Many efforts are underway to reduce the environmental impact of cars, but what about the tires those cars ride on? Continental thinks it might help. Roadshow reports the company has introduced the Conti GreenConcept (yes, a concept tire) where more than half of the materials are “traceable, renewable and recycled.” You can even renew the natural rubber tread with little trouble — not a completely new idea, but refreshable treads have generally been reserved for large commercial trucks. Three renewals would be enough to ensure the material used for casing is cut in half relative to the total mileage.

About 35 percent of the materials are renewables, including dandelion rubber, silicate made from rice husk ash and a string of vegetable oils and resins. Another 17 percent is polyester yarn made from recycled PET bottles, reclaimed steel and recovered carbon black.

The design should improve the efficiency of the cars themselves, Continental added. New casing, sidewall and tread patterns make the GreenConcept about 40 percent lighter than a conventional tire at about 16.5lbs, That, in turn, leads to 25 percent lower rolling resistance than the highest-rated tires in the EU. Continental estimates you’d get six percent more range from an electric vehicle.

While you might not outfit your car with these exact tires any time soon, this is more than just a thought exercise.
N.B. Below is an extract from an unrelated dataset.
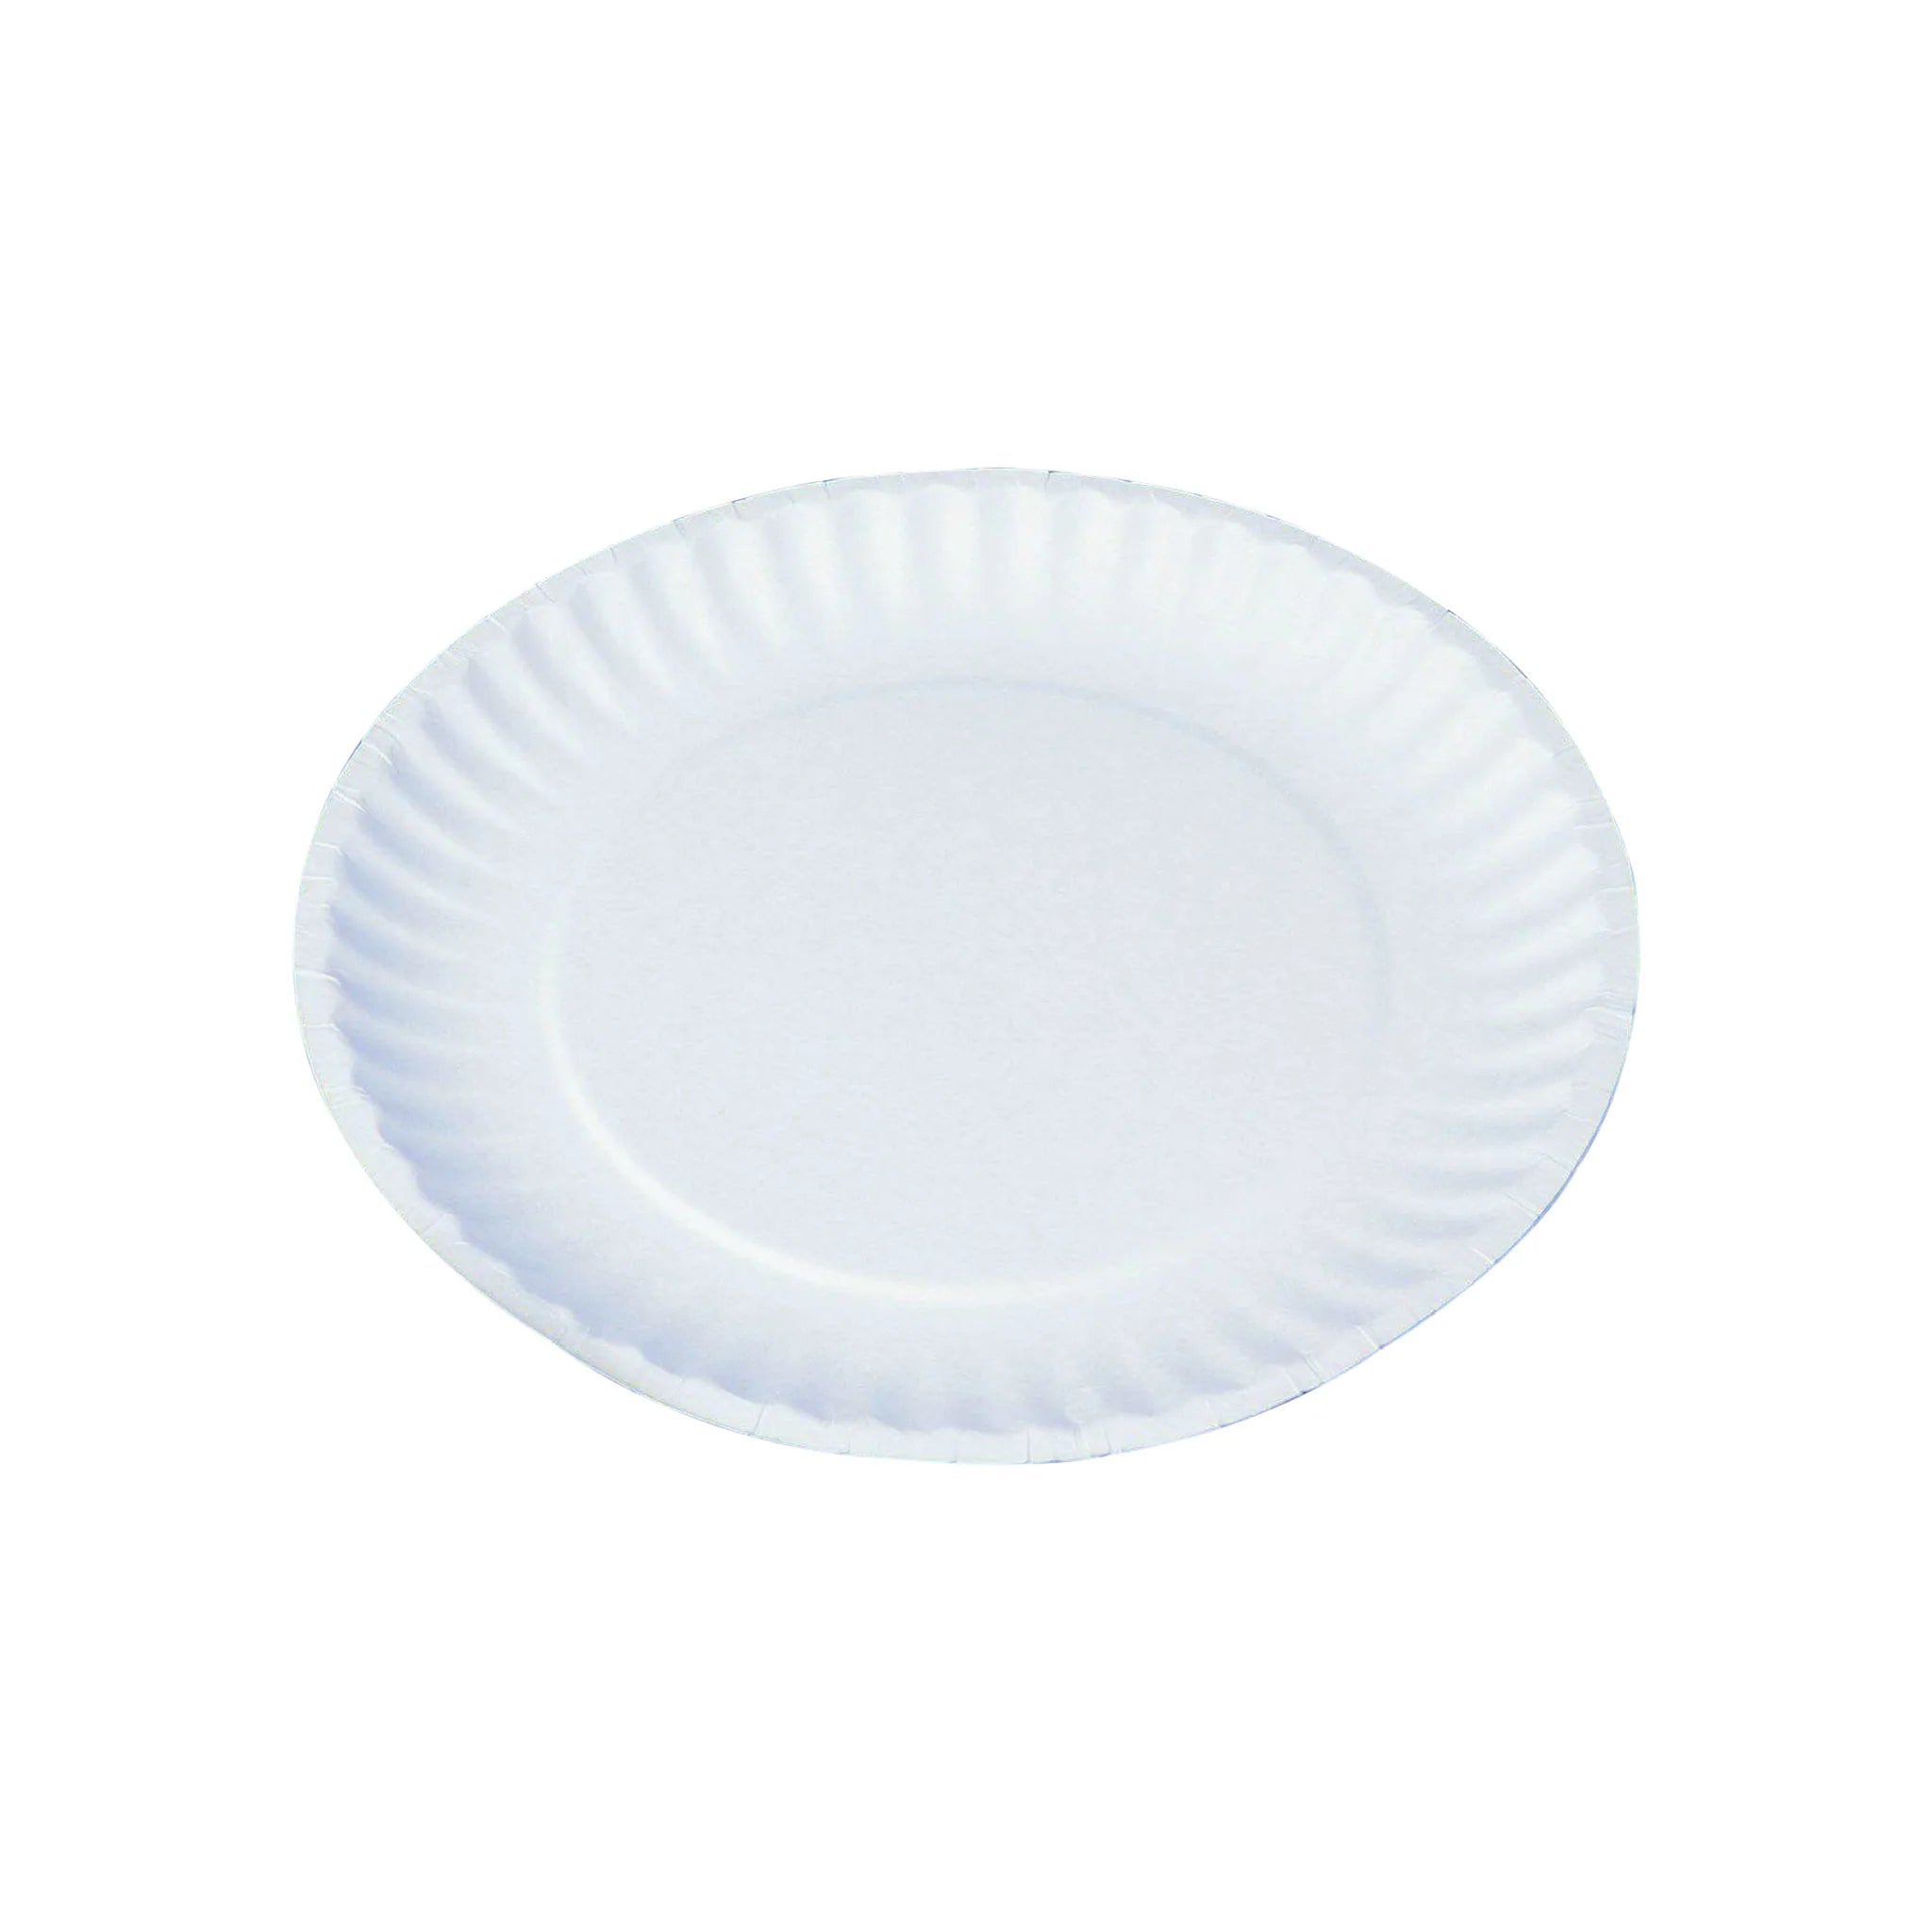 Hotpack | Paper Plate, 7 Inch, Light Duty | 100 Pieces x 12 Packets - Hotpack Bahrain

Continental plans to gradually deploy its recycling technology starting in 2022, including the production of tires using recycled bottles.

Efforts like the Conti GreenConcept are partly meant to burnish Continental’s public image. It wants to be the most environmentally responsible tire company by 2030, and become completely carbon-neutral by 2050 “at the latest.” However, it also hints at a more holistic approach to eco-friendly cars where many components, not just the powertrain, are kinder to the planet.